- Episode no.: Episode 9
- Directed by: Alan Perry
- Written by: Tony Barwick
- Editing by: Harry MacDonald
- Production code: 13
- Original air date: 31 October 1970

Guest appearances
- Neil Hallett as Dr Joseph Kelly; James Beckett as Dr Young; Alan Tucker as Tracking Station Operator; Mark Hawkins as Lieutenant Gary North; Frank Mann as Launch Controller; Bob Sherman as 1st Launch Controller; Robert Howay as 2nd Launch Controller; Clive Endersby as Harry, Launch Controller; John Levene as Interceptor pilot;

Episode chronology
| ← Previous "E.S.P." | Next → "Court Martial" |

= Close Up (UFO) =

"Close Up" is the ninth episode of UFO, a 1970 British science fiction television series about an alien invasion of Earth. The screenplay was written Tony Barwick and the director was Alan Perry. The episode was filmed between 29 September to 9 October 1969 and was first broadcast on 31 October 1970 in Japan, and 16 December 1970 in the UK. It was the 13th episode filmed.

The series was created by Gerry Anderson and Sylvia Anderson with Reg Hill, and produced by the Andersons and Lew Grade's Century 21 Productions for Grade's ITC Entertainment company.

==Plot==
SHADO place a B142 tracking probe (launched with NASA Rocket 712) equipped with a newly developed high resolution electron telescopic camera aboard in lunar orbit, during a spacewalk accomplished by Paul Foster and camera developer Lt. John Masters. A UFO is turned back by the SHADO Interceptors from Moonbase and the probe follows it back to its home world. The images the probe returns several months later have no information regarding range or magnification, however, rendering their intelligence value moot.

==Reception==
TV Zone magazine considered this episode the worst of the series, commenting that the story lacks tension and the downbeat ending is "hardly worth a 50-minute wait". John Kenneth Muir called "Close Up" one of UFOs "most dated" episodes, partly because of its "sexist" portrayal of Lieutenant Gay Ellis.
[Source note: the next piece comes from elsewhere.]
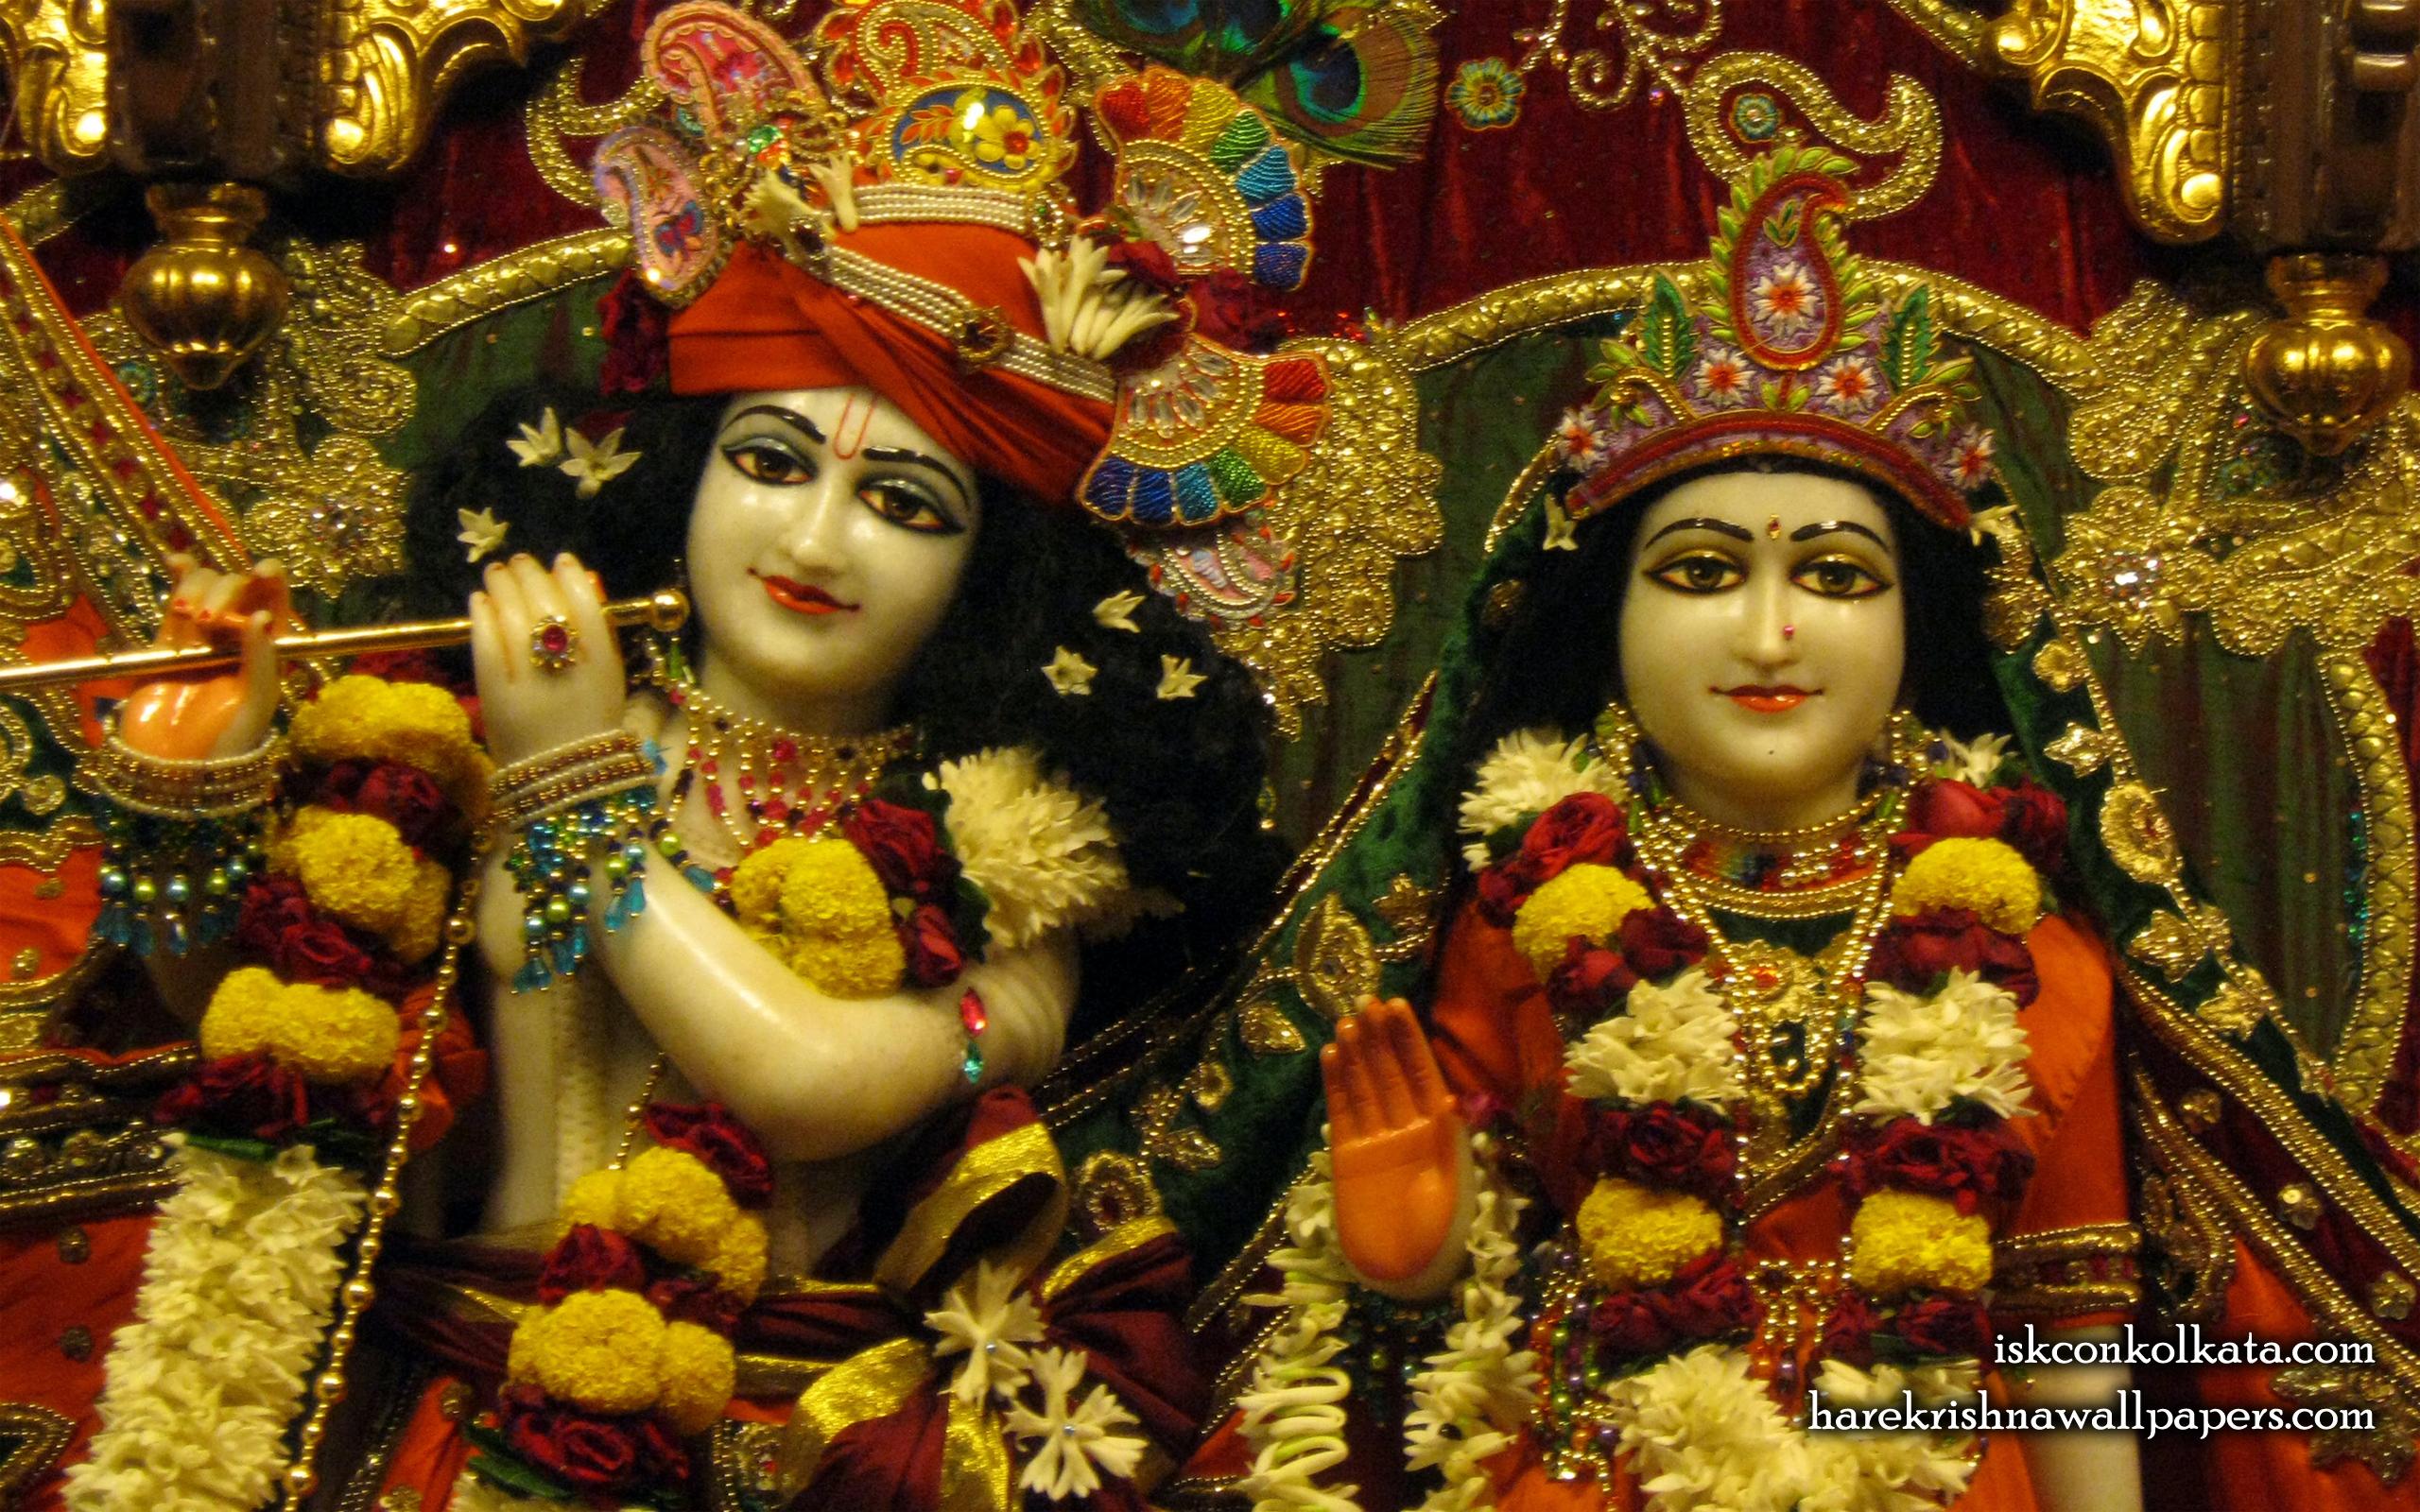 Sri Sri Radha Govinda Close up Wallpaper (002) Size 2560x1600 Download

Muir also criticised the ending, noting that it sees Neil Hallett's character, an expert on microphotography, "lecturing to Straker about the importance of 'inner space', and understanding distance and magnification in photographs. Not only is this a seemingly basic fact treated as a cosmic revelation, but it makes all the other characters seem stupid for not realising it."

Review website anorakzone.com ranked "Close Up" the fourth-worst UFO episode, stating that the plot is "thin [...] for a 50-minute show, and the basic point is hammered home repeatedly before the final credits roll." It also criticised the "oddly spiky" and "out-of-character" interactions between Straker and Ellis, as well as Dr Kelly's demonstration of the images' uselessness, which involves "showing [Straker] a shot of Gay's 'private area', magnified several thousand times over. Straker, ever stoic, seems oddly unconcerned by two of his underlings getting together to make him look an utter fool, or the fact that Gay's crotch looks like an alien planet when seen close-up."

Noting some "amusingly awkward flirting" between Straker and Ellis, as well as the episode's "plentiful" scale model effects, Video Watchdog magazine wrote that the plot "does not amount to much, but fans of the programme's miniature hardware will be in heaven".